Judge: Jon R. Takasugi, Case: 20STCV35832, Date: 2023-07-24 Tentative Ruling



Case Number: 20STCV35832    Hearing Date: July 24, 2023    Dept: 17

Superior Court of California

County of Los Angeles

 

DEPARTMENT 17

 

TENTATIVE RULING

 

JOHN H. CHOI, et al.

                          

         vs.

 

MACERICH HOLDINGS, LLC, et al.

 

                                         

 Case No.:  20STCV35832

 

 

 

 Hearing Date:  July 24, 2023

 

 

Plaintiffs’ motion for bifurcation is GRANTED.

 

Defendants’ motion for bifurcation is DENIED.

 

            On 9/18/2020, Plaintiffs John H. Choi and Stacy Unyong Choi, in their individual capacity, and in their representative capacity as trustees of the 2018 Choi Family Trust dated 3/15/2018, filed suit against Macerich Holdings, LLC, Macerich Crossroads Plaza Holdings, LLC, Macerich Crossroads Plaza Holdings, LP, and the Macerich Company (collectively, Defendants), alleging: (1) breach of written contract; (2) breach of the covenant of good faith and fair dealing; (3) conspiracy to defraud; and (4) unjust enrichment.

 

            Now, Plaintiffs move for an order bifurcating trial. Separately, Defendants also move for an order bifurcating trial.

           

            For ease, the Court has consolidated its analysis into a single ruling.

 

Discussion

 

            Both Plaintiffs and Defendants agree that Plaintiffs’ equitable causes of action for alter-ego and unjust enrichment should be tried separately from the legal cause of action for breach of lease, which is tried to the jury.

 

            However, the parties dispute which issue should be tried first, the equitable one or the legal one.

 

            After consideration, the Court agrees with Plaintiffs that the legal cause of action should be tried first. While the Court recognizes that the default rule is to try equitable claims first, the reason for this is that it promotes judicial economy by potentially obviating the need for a jury trial. (Darbun Enterprises, Inc. v. San Fernando Cmty. Hosp. (2015) 239 Cal. App. 4th 399) (“Trial courts are encouraged to apply this ‘equity first’ rule because it promotes judicial economy by potentially obviating the need for a jury trial.”)

 

As such, the determinative factor here should be which ordering will best promote judicial economy.

 

Defendants argue that hearing the alter-ego claim first will save the Court and parties time and expense because “Landlords think they will have a hard time collecting a potential judgment from their former tenant, and are trying to expand their targets.
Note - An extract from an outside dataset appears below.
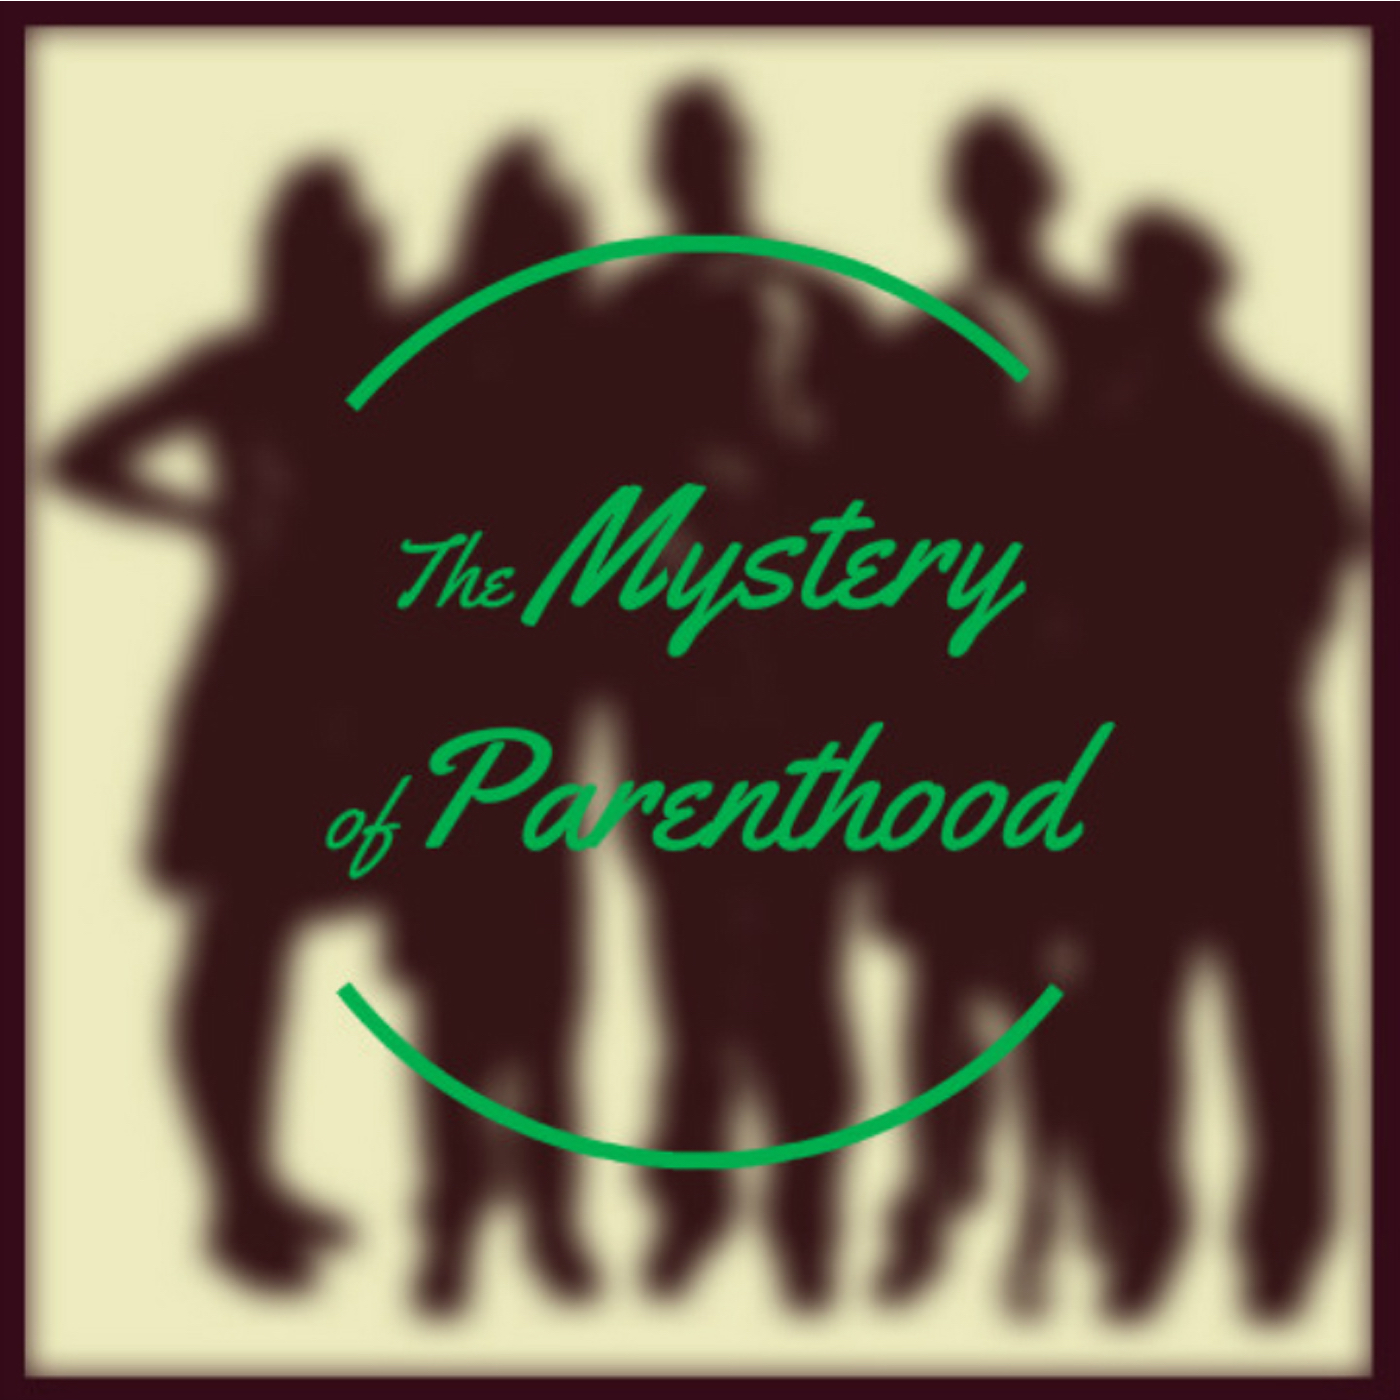 Mystery of Parenthood, February 22, 2017

Knowing whether the Court will permit Landlords to do that or not will impact, limit, or obviate the need for the jury trial.” (Motion, 8:24-9:2.) In other words, Defendants argue that narrowing down the liable defendants is likely to thereby reshape or narrow the scope of the jury trial: “Once the parties know the answer to the alter ego question, the parties will almost certainly reevaluate their settlement positions, potentially obviating the need for any jury trial.” (Opp., 9: 7-9.)

 

However, this ignores the fact that the alter-ego phase is only necessary if the jury returns a verdict in Plaintiffs’ favor. As such, while Defendants argue that hearing the alter-ego might result in settlement or might narrow the scope of the jury trial, the very need for an alter-ego phase at all could be entirely eliminated if the legal claim is allowed to go first and the jury does not return a verdict in Plaintiffs’ favor.

 

Moreover, if the main action jury trial proceeds first, during that phase, the Court can hear the evidence adduced then, taking note of the evidence relating to the facts relevant to the alter ego phase. Otherwise, the Court will hear all the alter ego evidence first, as Defendants propose, but the jury would need to hear some of that evidence again in the main action. Also, the Court will not be able to render an alter ego finding before the jury returns a verdict in the main action, because to find alter ego, an “inequitable result must be shown.” (Leek v. Cooper (2011) 194 Cal.App.4th 399, 411; see also Mesler v. Bragg Management Co. (1985) 39 Cal.3d 290, 301) (“The essence of the alter ego doctrine is that justice be done. What the formula comes down to, once shorn of verbiage about control, instrumentality, agency, and corporate entity, is that liability is imposed to reach an equitable result.”) As such, the jury’s finding as to liability is relevant to the Court’s determination of alter ego liability.

 

Based on the foregoing, Plaintiffs’ motion for bifurcation is granted. Defendants’ motion for bifurcation is denied.

 

It is so ordered.

 

Dated:  July    , 2023

                                                                                                                                                          

   Hon. Jon R. Takasugi
   Judge of the Superior Court

 

 

 

Parties who intend to submit on this tentative must send an email to the court at smcdept17@lacourt.org by 4 p.m. the day prior as directed by the instructions provided on the court website at www.lacourt.org.  If a party submits on the tentative, the party’s email must include the case number and must identify the party submitting on the tentative.  If all parties to a motion submit, the court will adopt this tentative as the final order.  If the department does not receive an email indicating the parties are submitting on the tentative and there are no appearances at the hearing, the motion may be placed off calendar.  For more information, please contact the court clerk at (213) 633-0517.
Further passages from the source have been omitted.